Love is to the soul what breathing is to the lungs and food is to the stomach. Without connection, we shrivel; we starve to death. With mutual, risky, giving, grace relationships we thrive. The exact center of our being is our capacity to give and receive in relationships.

What motivates us to do what we do? What impels us? In training counselors, I like to tell them, “Go where the action is.” The action is relational because we are relationally motivated. We pursue what we perceive to be pleasing.

“We have an immense void inside that craves satisfaction from powers and persons and pleasures outside ourselves. Yearning and longing and desire are the very stuff of our nature” (John Piper, The Pleasures of God, p. 48).

As the Puritan writer, Henry Scougal, reminded us, “the soul of man has in it a raging and inextinguishable thirst” (Scougal, The Life of God in the Soul of Man, p. 108). We’re motivated to quench our relational thirsts.

Worship: The Holy of Holies of the Soul

We were born desiring worship. In our original design, God implanted in us a fundamental nature that must worship.

When I began working toward my doctorate at Kent State University, I decided to develop relationships as a precursor to sharing my faith. Or so I thought. Two weeks into my initial semester, our professor assigned a paper on humanistic psychology. As the class discussed our viewpoints, our professor encouraged me to share my position. “Bob, you wrote an interesting paper contrasting humanistic psychology with Christian thinking.” So much for my “go slow” approach. During the ensuing discussion, one student was particularly vocal against my views.

About a month later, in a course on counseling the culturally different, a Native American presented the guest lecture. Toward the end of her talk, she invited us to stand to worship the spirit of the four winds. Two students remained seated—myself and the woman who had vocally opposed my views in the other class. As soon as class ended, she marched up to me to thank me for not standing. “You gave me the courage of my convictions. But to be honest, I’m not sure what I believe in. You seem so strong and sincere in your faith. Could we talk about your relationship to God?”

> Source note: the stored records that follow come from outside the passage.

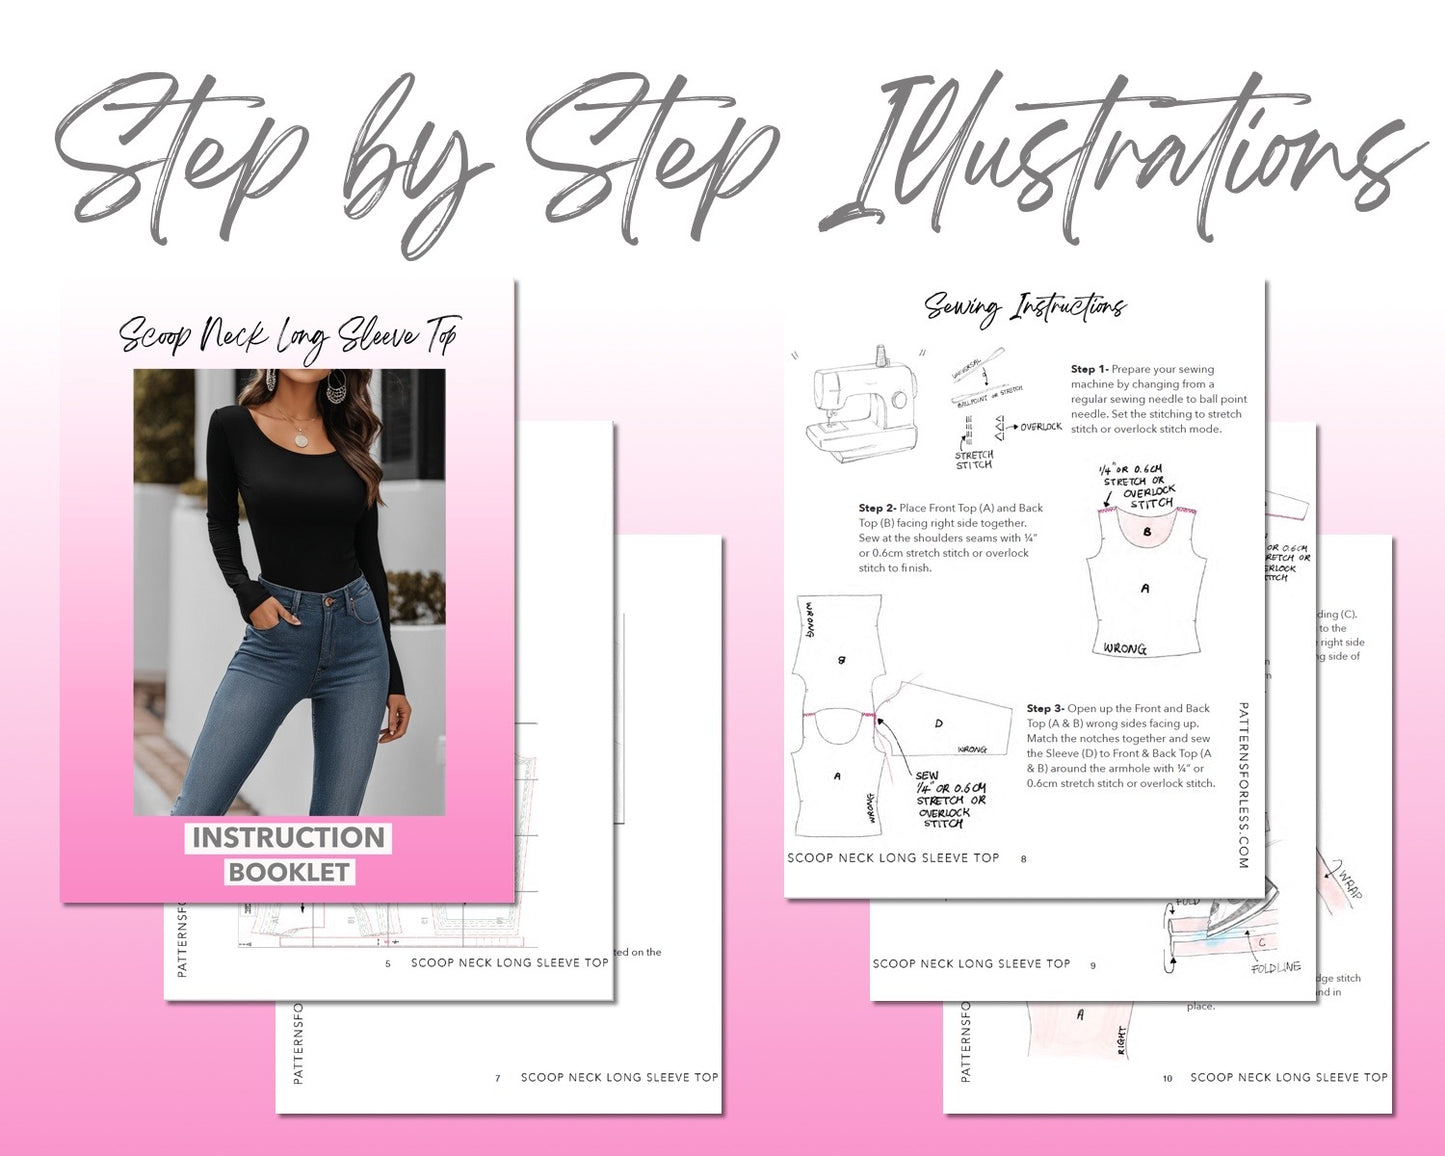 Scoop Neck Long Sleeve Top sewing pattern step by step illustrations.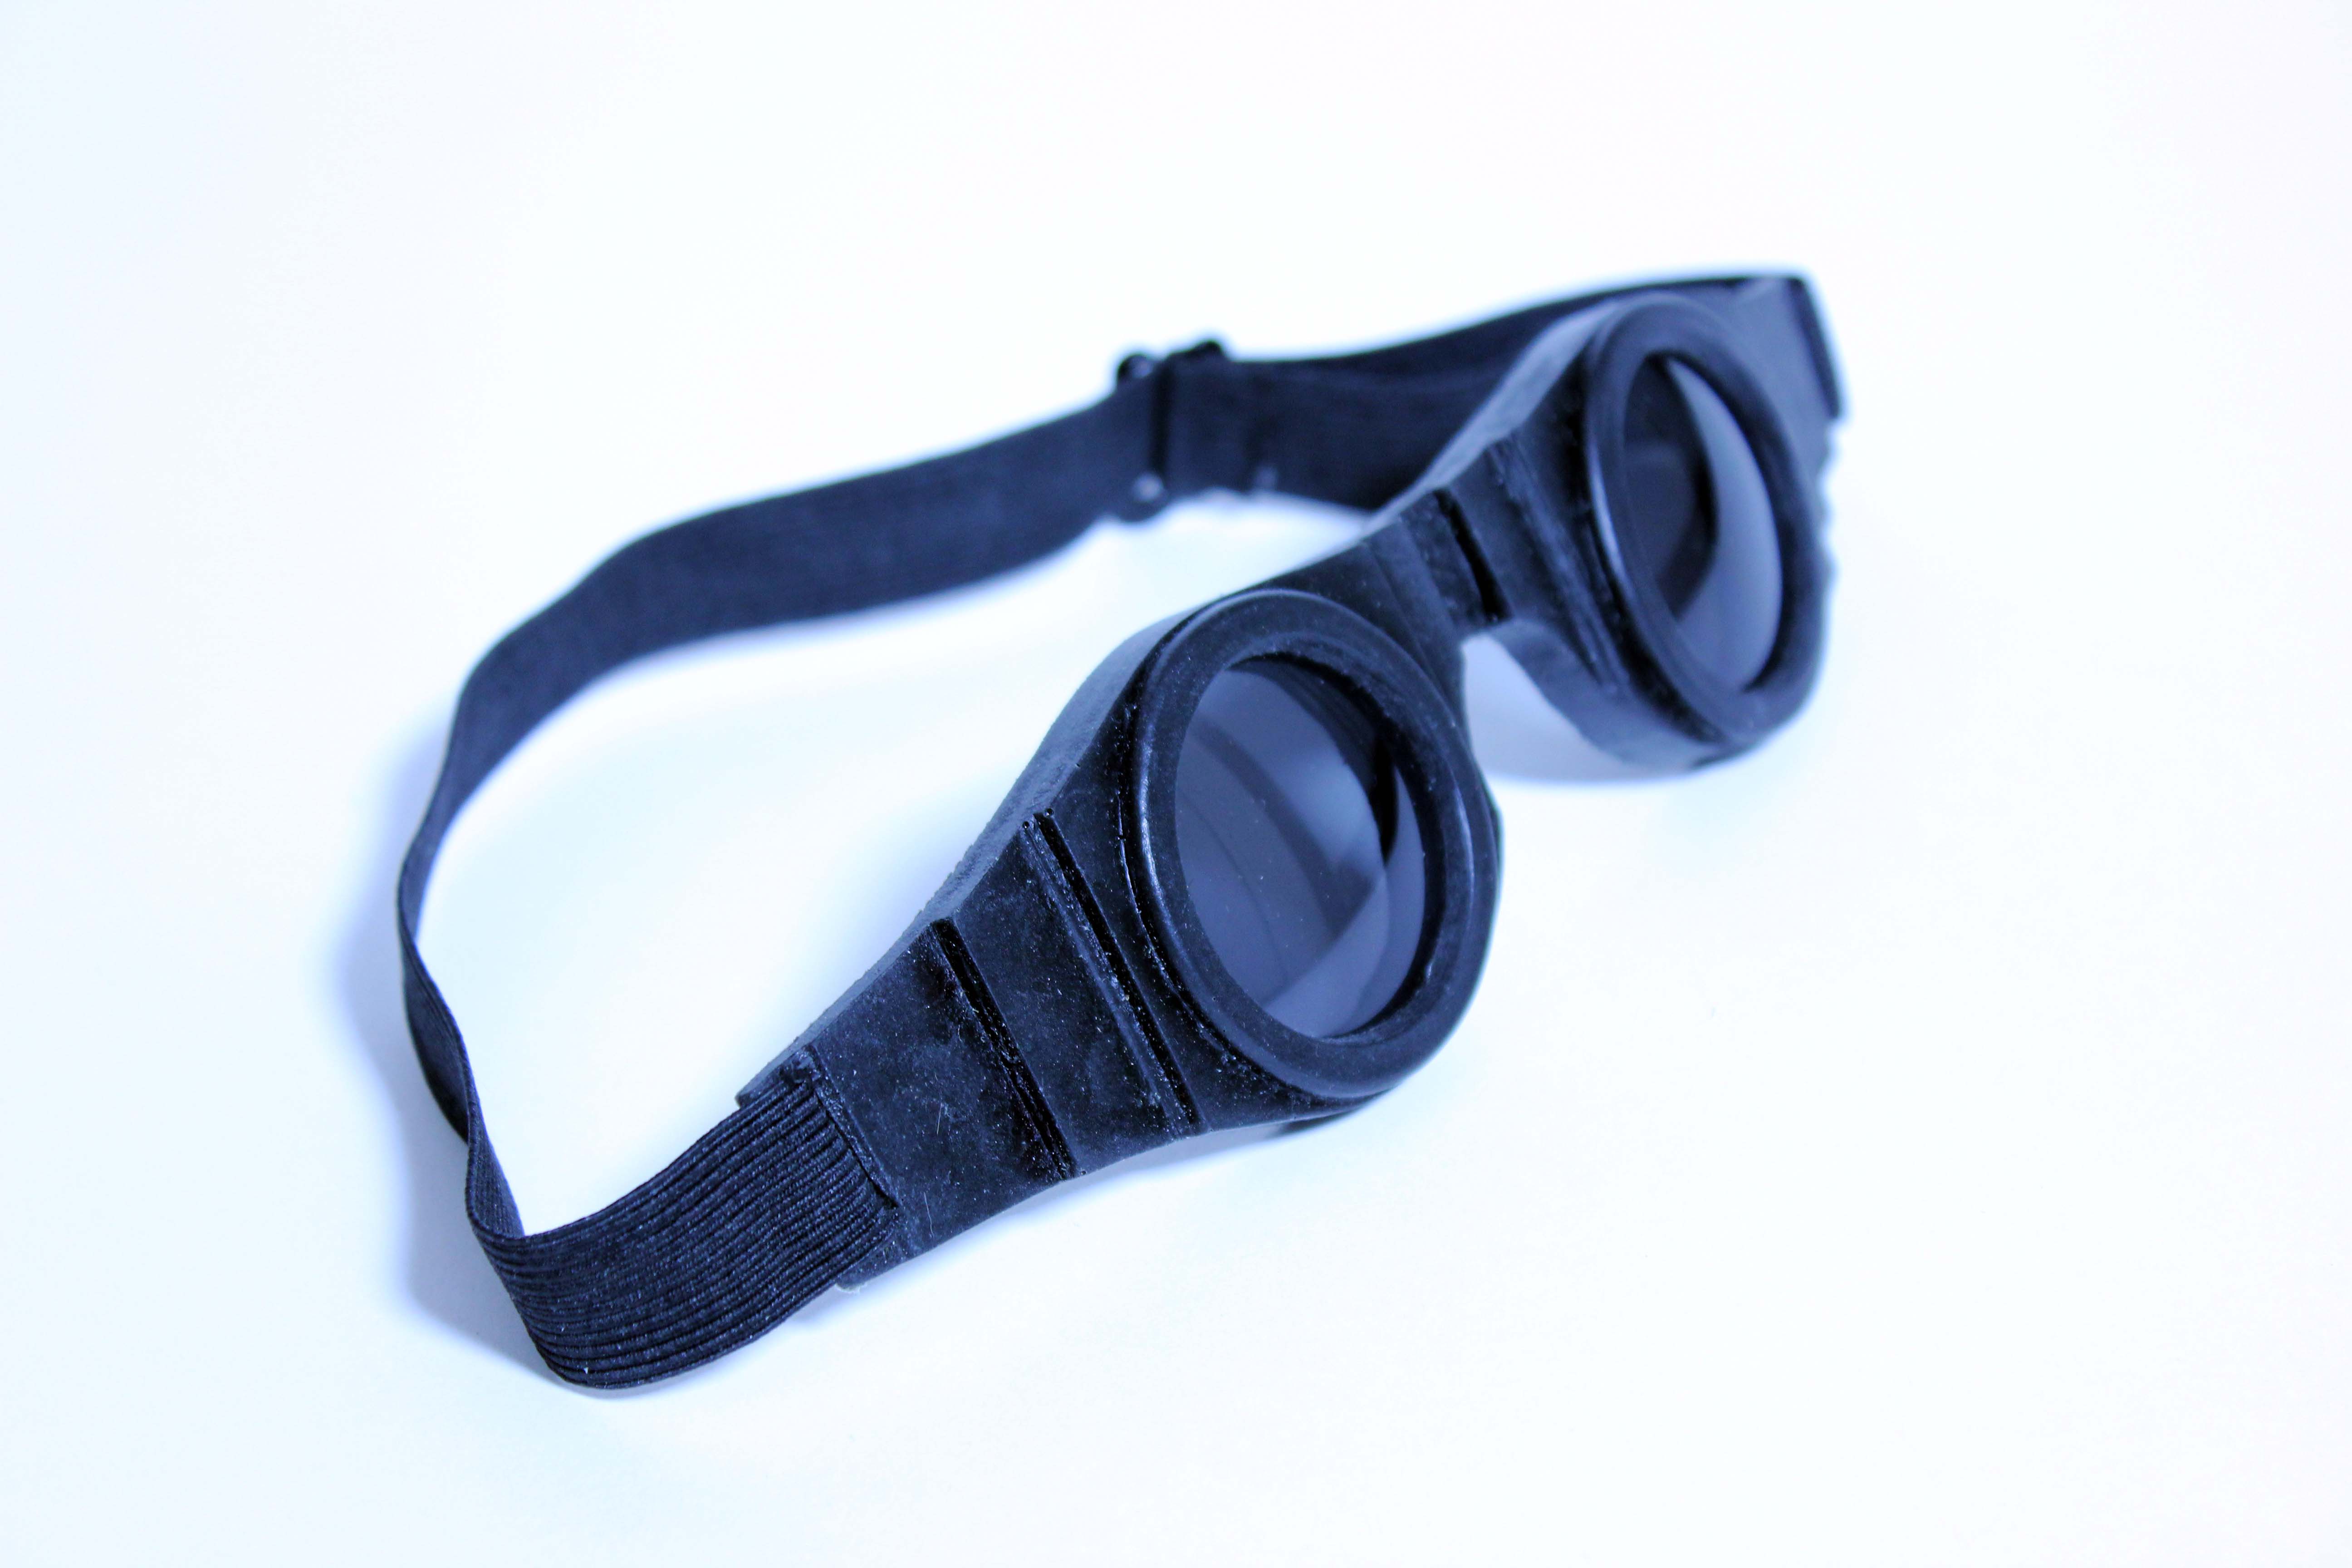 Riddick Goggles from "Pitch Black" and "The Chronicles of Riddick" | RPF  Costume and Prop Maker Community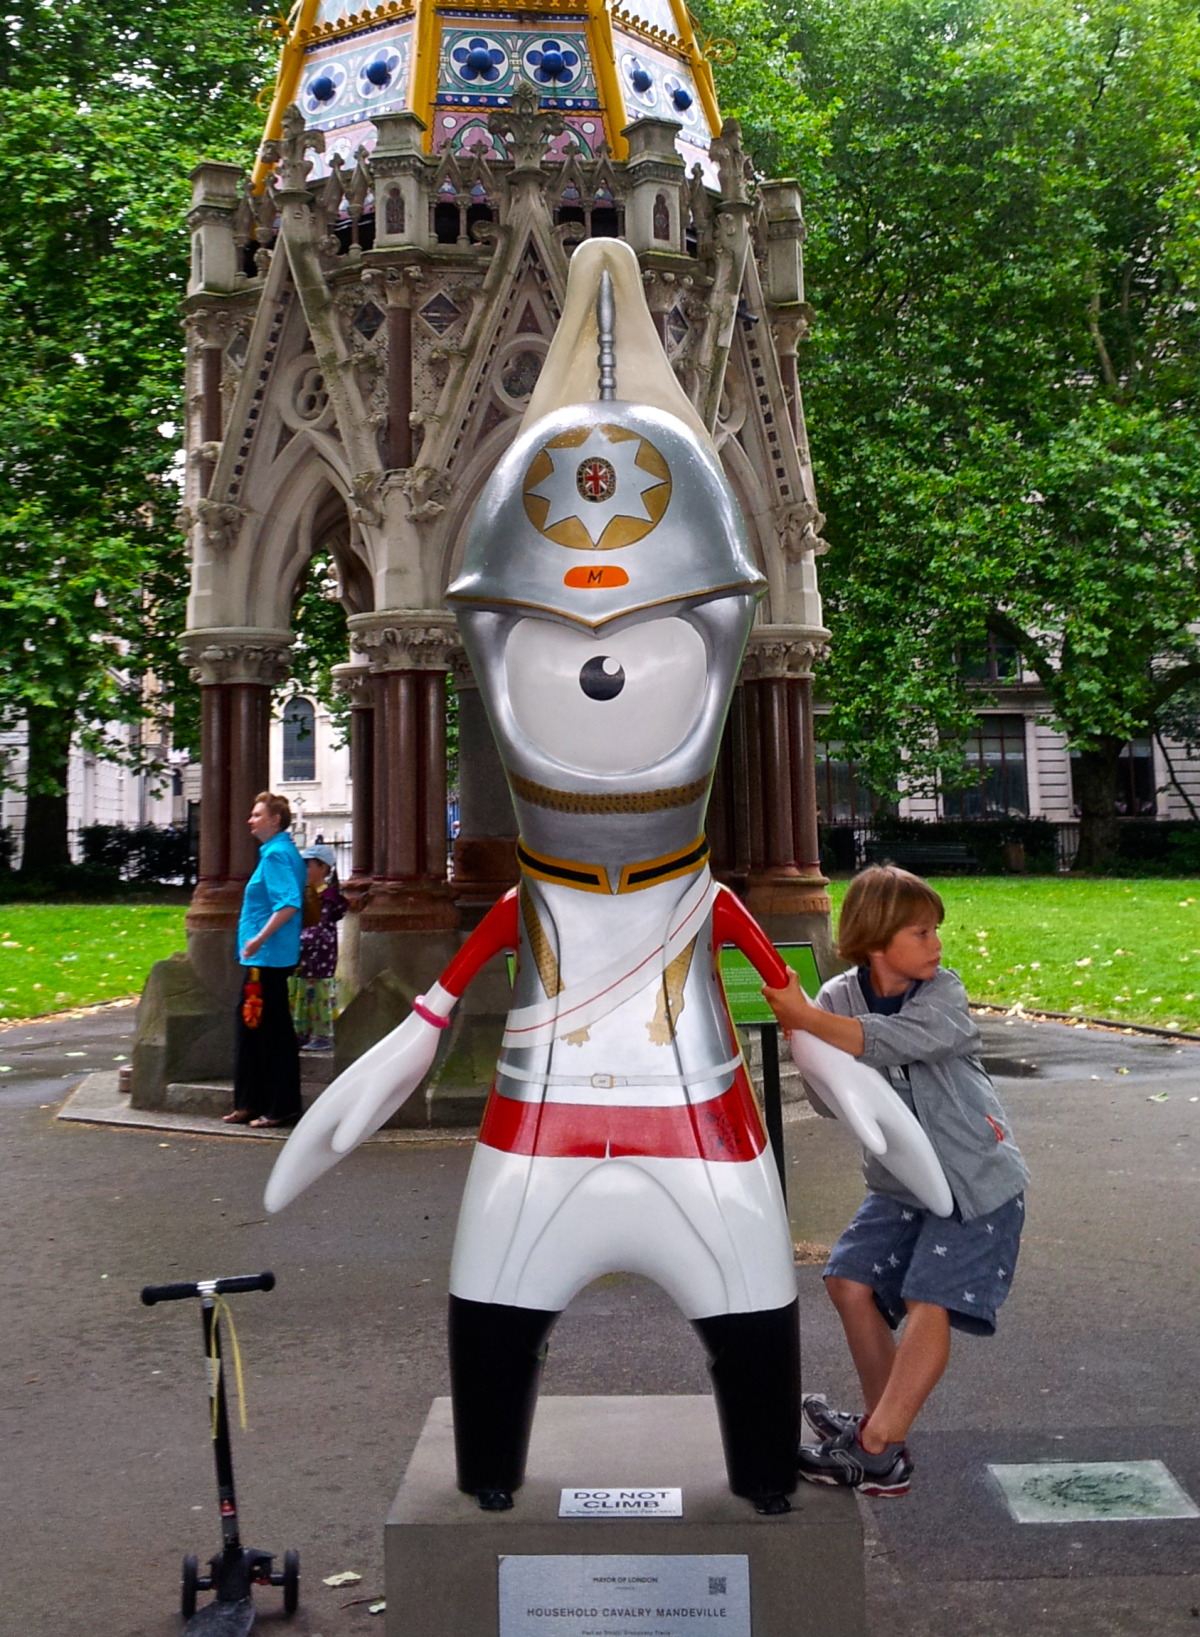 Household Cavalry Mandeville

This young woman exposed her fundamental spiritual nature. I could have said of her what Paul said of the people of Athens, “I see that in every way you are very religious” (Acts 17:22).


So how’s your spiritual love life? Prayerfully ponder:

*What quenches my thirst?

*What satisfies my soul?

*What fills my hunger?

*What do I crave?

*Can I say with the Psalmist, “Whom have I in heaven but you, and on earth I desire nothing besides you”?